Monday, October 8, 2012

WHY THE ALUU 4 MASSACRE WILL CONTINUE, UNLESS…


Had it not been for a witness who sadly chose to record the massacre of four Uniport students, this would’ve been just another story we heard of or tweeted about. The reactions would’ve ranged from, “Oh boy I heard o, it’s so sad” to that one individual we all know would unfortunately say, “They deserved it’ without realizing the extent to which they were killed or with any prior knowledge to how it all occurred. This is no way an article on how technology has helped changed our life, but rather the self-realization that this type of mob justice has been going on and until recently in this age has seen the full light of day. No one can say they heard of it, because now you can see it for yourself. So your judgment can no longer be clouded. You can dispute the allegations leveled against them, you were not there, but you can not and will not dispute the extent to which they were murdered. If you did not see the video, I’m sure you saw the pictures, especially of an individual holding a plank above a naked body on the ground covered in blood.
          
This is not a video of Mohammed Yusuf being killed by the police nor is this a video of a police blown to pieces trying to un-detonate a bomb. This is something else. Mohammed Yusuf may have been killed by the authorities, but we take some relief knowing it happened in the hands of the “right” authority, so we know exactly who to blame. But who do we blame for Aluu 4? Everyone is pointing fingers at the students who participated and even those who watched and said or did nothing (it is not easy to go against a mob, especially a less than intelligent one as is the case). Should we not also point the fingers at ourselves? Have we not for years tolerated some form of jungle justice? The police practice it themselves from time to time, point in case, what happened to Mohammed Yusuf. Do we not allow some form of it in our secondary schools, where we think it’s cool to beat someone alleged of theft, only to be embarrassed when we find out it was the wrong person and are by then too ashamed to punish the right person, instead he gets the right treatment and the innocent individual got the wrong one. How many times have individuals been accused of crimes; then beaten by police officers to get the “truth” out of them? How many stories have we heard growing up in Lagos of people being burned by tires? How many people have claimed an individual stole something by yelling, “ole” in public or that one commercial motorcycle driver who claimed his passenger insulted the Prophet as a means of revenge when they were disputing the passenger’s fee and a mob descended? So you see; we too are to blame.
           
The authorities themselves have played silent accomplices to this by letting certain people go, while accusing others of something they know nothing of. So now when you feel justice would not be handled by the right people, you take the law into your hands. The police themselves don’t help matters. I wrote about the police and why they would remain the way they were unless certain measures were taken into consideration, parts of it were meant to be funny, but it had serious undertones. A few days ago a Keke Napep driver flung his passengers out of his vehicle trying to avoid the police check point at night. By the time I came out of my house to see what was happening, one victim was lying on the floor, while the police thought it was more important to shake down the driver. It wasn’t until a bystander and I suggested they take the passengers to the hospital, which was right behind them, did one officer call another to get the car.

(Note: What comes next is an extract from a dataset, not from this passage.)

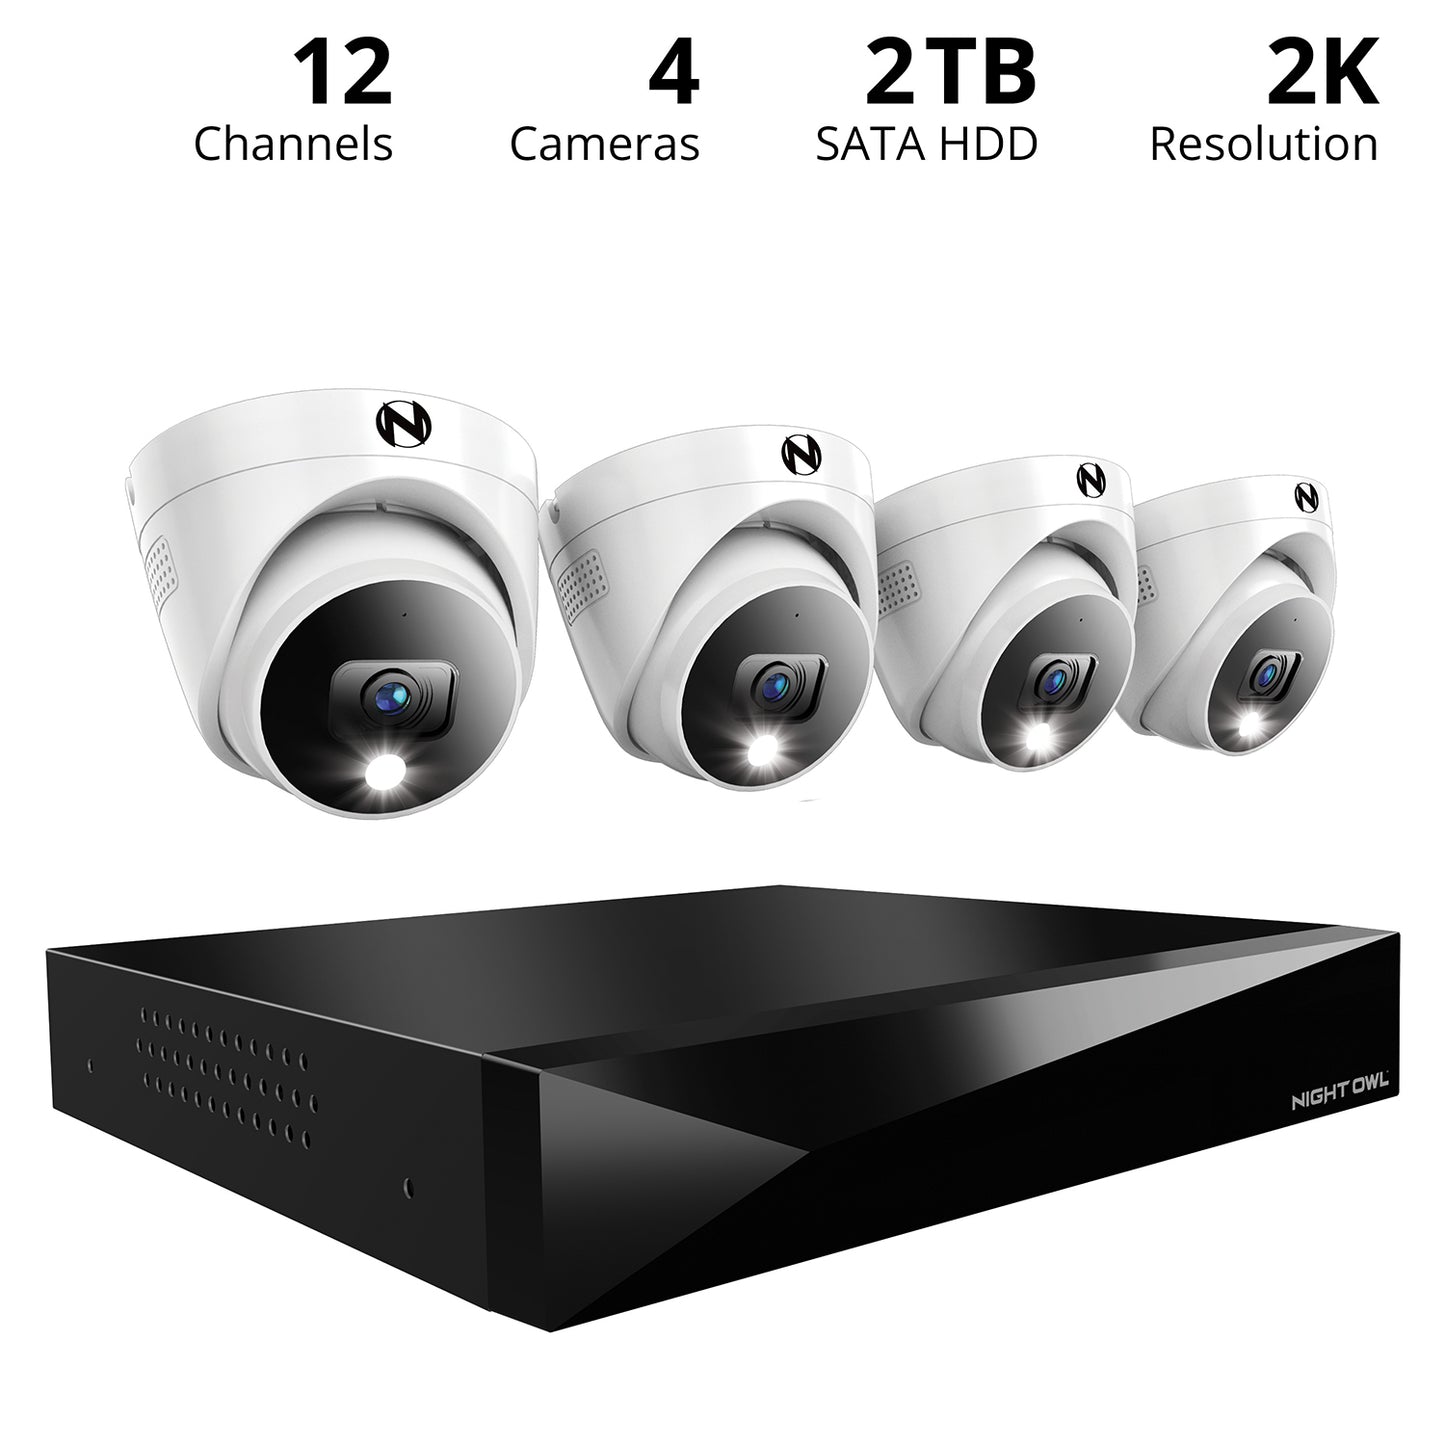 2-Way Audio 12 Channel DVR Security System with 2TB Hard Drive and 4 Wired 2K Deterrence Dome Cameras

Meanwhile one officer was busy slapping the driver, as I explained to him you already have your perpetrator, everyone knows he was wrong, there’s no need to go on hitting him, get the victims to the hospital. I was suddenly confronted with the officer storming towards me asking from whence I came and telling me to go back there. Had this not been my neighbourhood, I would’ve picked up my pride and left. The police can be brutal and so can we. We’ve accepted it as second nature. After seeing the treatment meted out to an individual who was clearly wrong, I hate to be a suspect in police custody. Were the aluu 4 from what we know so far, not suspects? Had they been taken to the police, the outcome would’ve been different, but what’s to say they would’ve not been harassed either way. The police have enough bad press to know to behave themselves, but how they treat suspected criminals will go along way in how society treats them as well. The police can not be trusted we say, so we feel the need to trust ourselves and for our own satisfaction play judge and juror. This isn’t two friends fighting where emotions get the best of them, this is something regardless of one’s feeling at the time it took place, was well calculated. For you to drag someone naked to a place, to strategically place a tire over them and to proceed to carry out your brand of “justice”, this isn’t simply your emotions, this is who you are, a killer.